When Fox School students return to Alter Hall to begin Fall classes, they may notice someone is missing. Recessed lighting still brightens the lobby, but an electric smile no longer lights up the room—the smile’s owner being now-retired security guard Dave Covington.

To know Covington is to have experienced a warm, light-hearted greeting each day.

“Good morning!”

“Howdy do?”

“You’re going to be late for class!”

Wednesdays seemed to be Covington’s favorite day, as he would utter his iconic line, “Happy Hump Day,” to greet the masses at the week’s midway point.

Since Alter Hall opened in 2009, Covington has been its gatekeeper. He began his career at Temple University on July 17, 1977, in the bookstore. Then he worked in Speakman Hall through the 1980s.

“I worked in shipping and receiving for three years,” he said. “Some of my fondest memories there were the Christmas parties we had—after the boss left, we sang Christmas carols over the PA system.”

After a switch to a “nice, easy job” in security on December 3, 1980, Covington was in for a surprise.

“They threw me to the wolves,” he said. “My first assignment was the dorms—J&H, 1300, Peabody, and McGonigle. Finally I told them, I need help!”

Encouraged by his colleagues to enter the Temple Municipal Police Academy, Covington completed the training in 1984 as part of the “Centennial” class of officers. However, he eventually returned to TU Security and was promoted to work in Speakman Hall, the business school building before Alter Hall was built.

“I’ve met some good folks in security over the years,” he said. “We used to have annual cookouts in Fairmount Park.”

Even with his salt and pepper hair and kind expression, there have been a few people who have dared to get past Covington. As a self-described “customer service” security guard, Covington has experienced people trying to push past, sneak by, or ask to “use the bathroom.” His years of service have added up to an instinct that is rarely wrong.

“I’ve learned to trust my gut,” he said.

Covington, a diehard Philadelphia sports fan who earned a certificate in small business while working at Fox, grew up at 35th and Allegheny. As his city has changed, he has watched Temple and Fox do the same.

“It’s like an obstacle course around here,” he said. “There are so many new buildings.”

Over the years, food at Temple has been a pastime for Covington. He’ll miss gyros from Ernie’s Lunch Truck—a beloved food truck that’s tenure on campus hasn’t matched Covington’s, yet—the most.
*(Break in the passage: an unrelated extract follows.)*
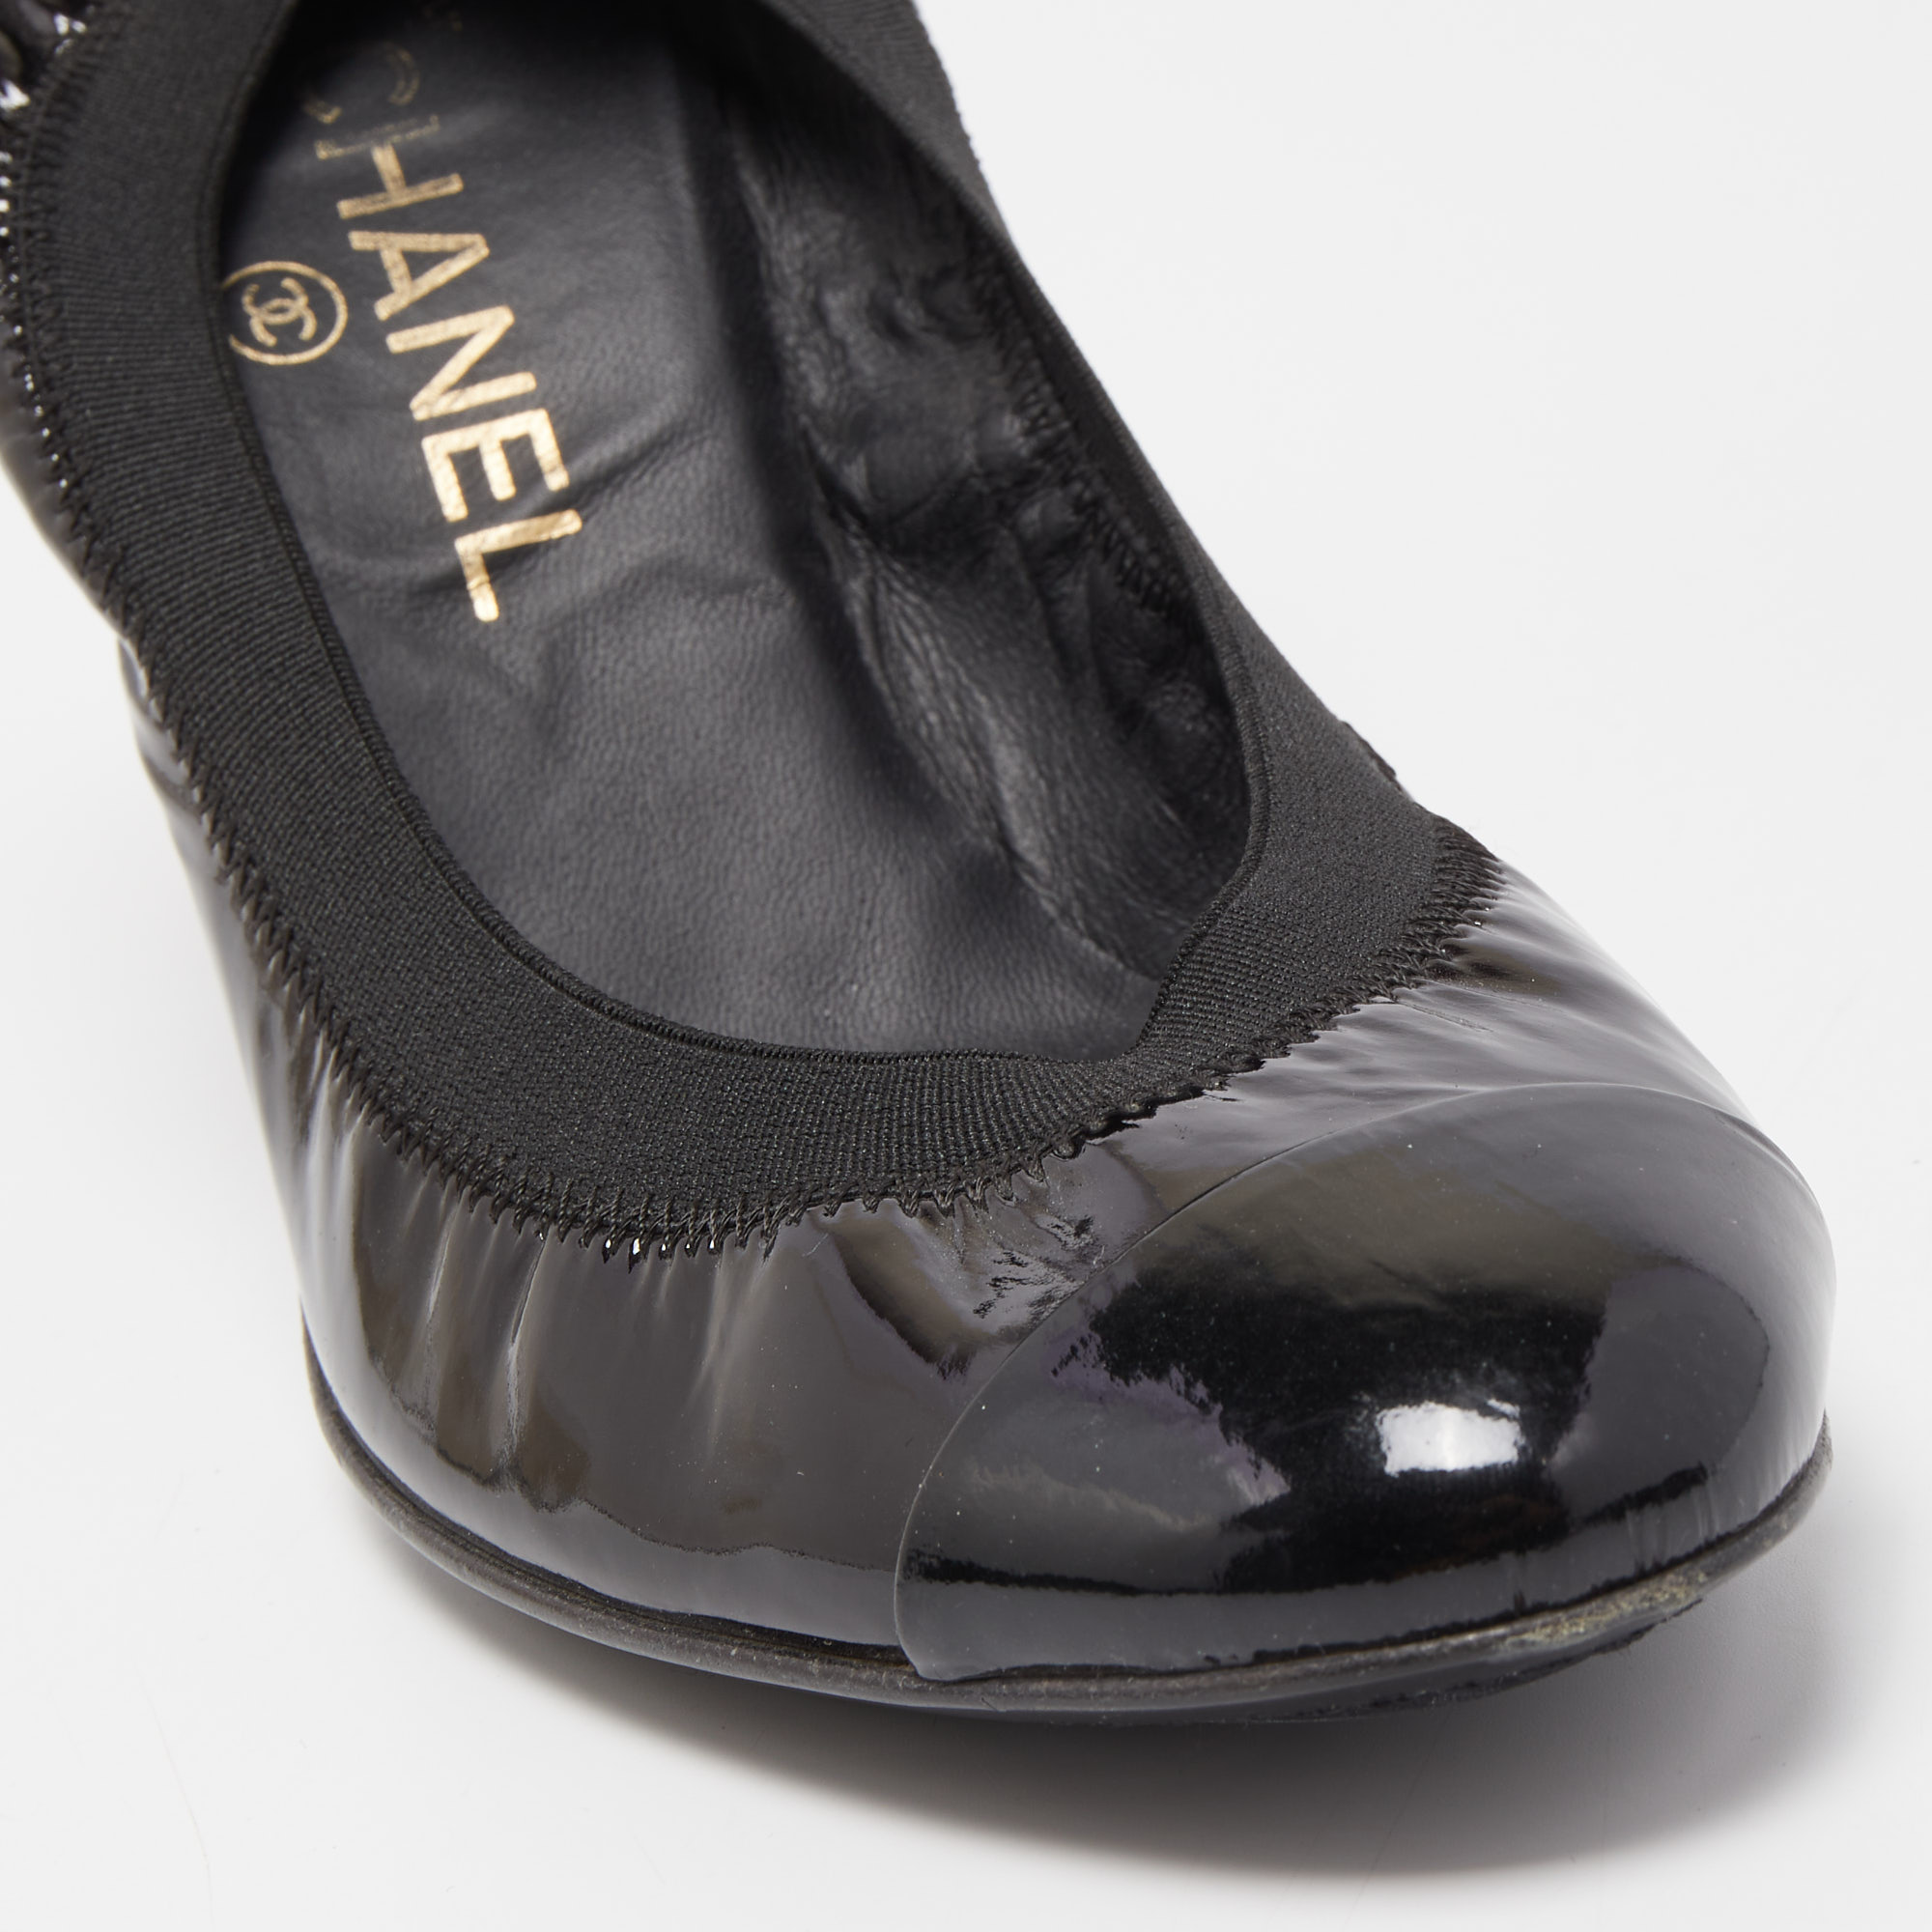 Chanel Black Patent Leather CC Scrunch Pumps Size 39.5

He liked his quick breakfasts of sausage, egg, and cheese in the quiet, secluded third floor PhD lab.

Retirement, for Covington, will take some getting used to. With a songlike rhythm to his voice, he spoke about what lies ahead. He’s been an early riser for the past 41 years, with a 6:30 a.m. roll call at Temple each day. His morning pleasantries, doled out by the hundreds for decades, will now be shared with just one special person: his wife, Naomi, a Temple graduate.

“She’s already got a honey-do list at home in Mount Airy,” he said.

An endless stream of well-wishers had kind words of farewell for Covington on his last morning in mid-August.

“I’ll miss messing with the pizza guys that came in to deliver at the student organization events,” he said. “Temple’s been good to me—what a journey, what a journey.”